Fig 6. The role of innate immune signaling in NC clearance.

(A) Schematic of Drosophila Toll pathway (B) Heatmap of scaled read counts of NF-κB regulators and antimicrobial peptide genes upregulated by fed SFCs or starved AFCs in the translatome. (C) Quantification of PNCN in stage 14 egg chambers from NF-κB or AMP knockdowns. (*** p< = 5e-04, **** p< = 5e-05, ns p>0.05, one-sided independent t-test). Significance levels are indicated for samples that have at least 3 replicates. (D) Egg chambers from wild-type fly ovaries stained with DAPI (cyan) and anti-Dlg (magenta) to label FC membranes. Scale bars = 200μ. (E) Egg chambers from GR1>SPE RNAi fly ovaries stained with DAPI and anti-Dlg. GR1>SPE RNAi ovarioles contain intact germaria and healthy early egg chambers but show wide-spread degeneration beginning around stage 6. Scale bars = 200μ. (F-H) Images of individual healthy and mid-stage dying egg chambers from wild-type ovaries and a mid-stage dying egg chamber from GR1>SPE RNAi stained with DAPI and anti-Dlg. The GR1>SPE RNAi degenerating egg chamber is lacking most of the follicle cell layer, indicated by white arrows. NC DNA in GR1>SPE RNAi is highly condensed and few are fragmented. Anterior-posterior polarity of the egg chamber is lost, with NCs extending into the posterior end, displacing the oocyte. Scale bars = 50μ. (I) GR1>LexA RNAi starved control shows sporadically degenerating egg chambers, Scale bars = 200μ. (J) GR1>AttD RNAi starved shows increased degeneration of egg chambers Scale bars = 200μ. (K) Quantitative analysis of midstage degenerating egg chambers with one-way ANOVA. (*** p < 0.0008, ns p> 0.1) Graph displays mean + SD with n > 24 females per genotype and condition. Raw data available in S5 Table.
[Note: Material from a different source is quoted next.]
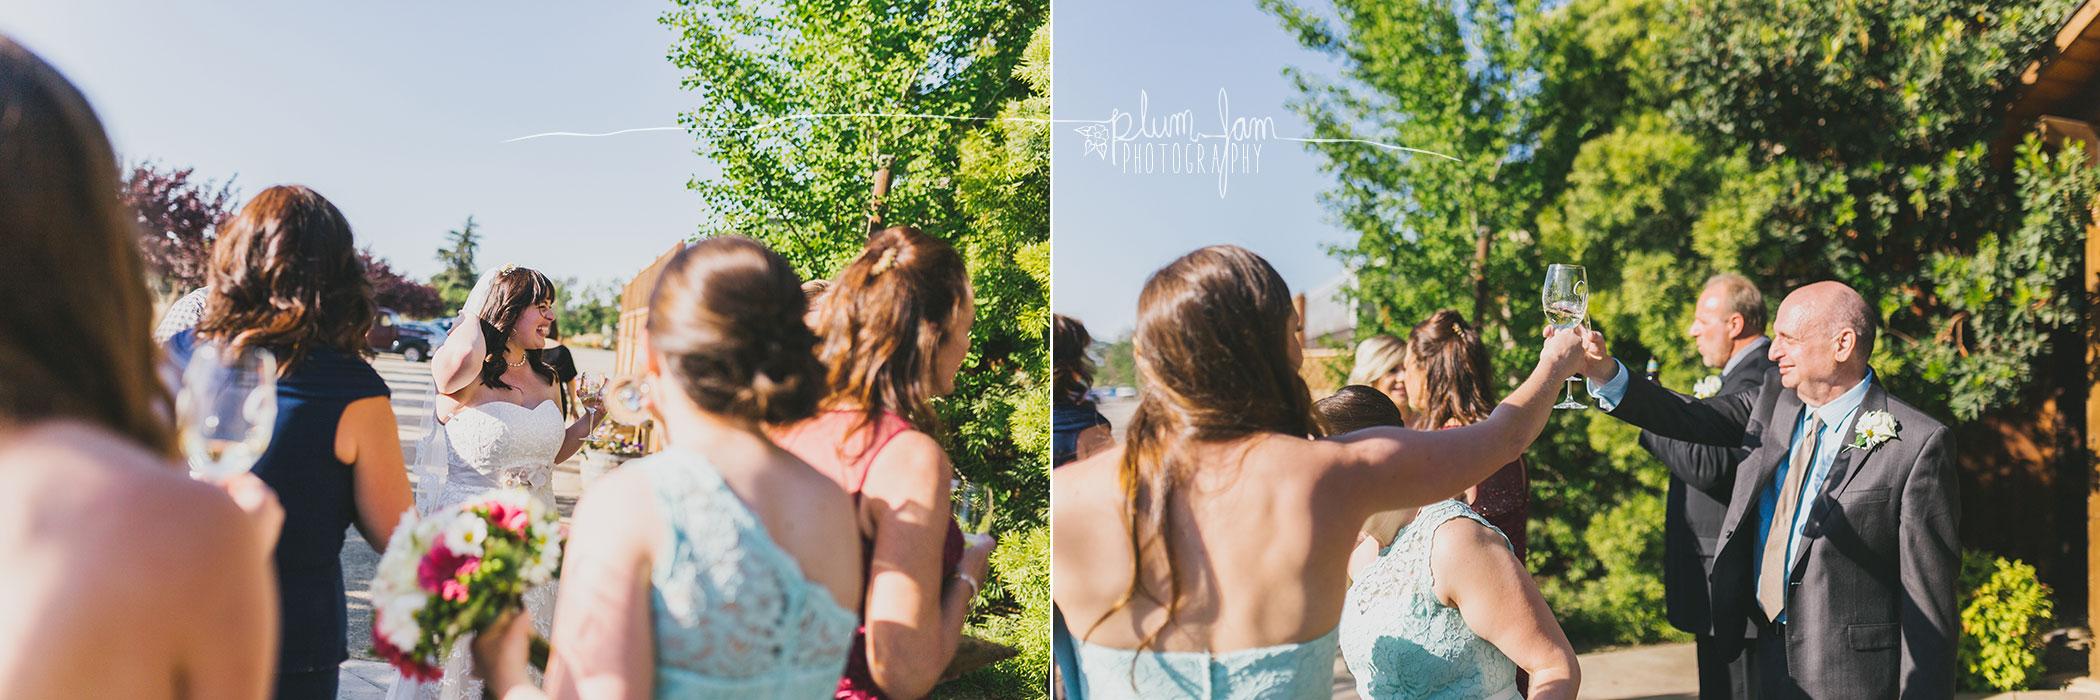 ElizabethCameronWedding-15-PlumJamPhotography

Fig 7. in vivo RNAi screening under fed condition.

(A) Heatmap of scaled read counts of major signaling pathway genes that are significantly differentially regulated in SFCs. (B,C) GR1>Dad RNAi and GR1>LBR RNAi result in a “dumpless” phenotype (outlined in magenta), in addition to increased mid-stage death (orange arrows). Scale bar = 100μ. (D) GR1>numb RNAi results in mid-stage death accompanied by abnormal egg chamber morphology (yellow arrows). Scale bar = 100μ. (E) GR1 > prosα3 RNAi ovaries have a strong PNCN phenotype. Scale bar = 50μ. (F) NC nuclei in a stage 9 egg chamber from CantonS ovary. Scale bar = 50μ. (F’, F”) 3D surface plot of individual nuclei in stage 9 egg chamber from CantonS ovary after z-projection (max-intensity across stacks). Colors of peaks represent pixel intensity across z-stacks, with darker colors representing lower pixel intensity in the area (low DAPI staining) and lighter colors representing higher pixel intensity (robust DAPI staining). (G) NC nuclei in a stage 9 egg chamber from GR1 > wat RNAi ovary. Scale bar = 50μ. (G’, G”) 3D surface plot of individual nuclei in stage 9 egg chamber from GR1 > wat RNAi ovary after z-projection (max-intensity across stacks) reveals increased vacuolization. (H) Quantification of PNCN in stage 14 egg chambers of select candidates from Table 1. (* p < 5e-02, ** p < = 5e-03, *** p < = 5e-04, **** p < = 5e-05, ns p>0.05, one-sided independent t-test). Error bars indicate mean + S.D. across at least 3 replicates, with each replicate having at least 5 flies. Raw data available in S5 Table.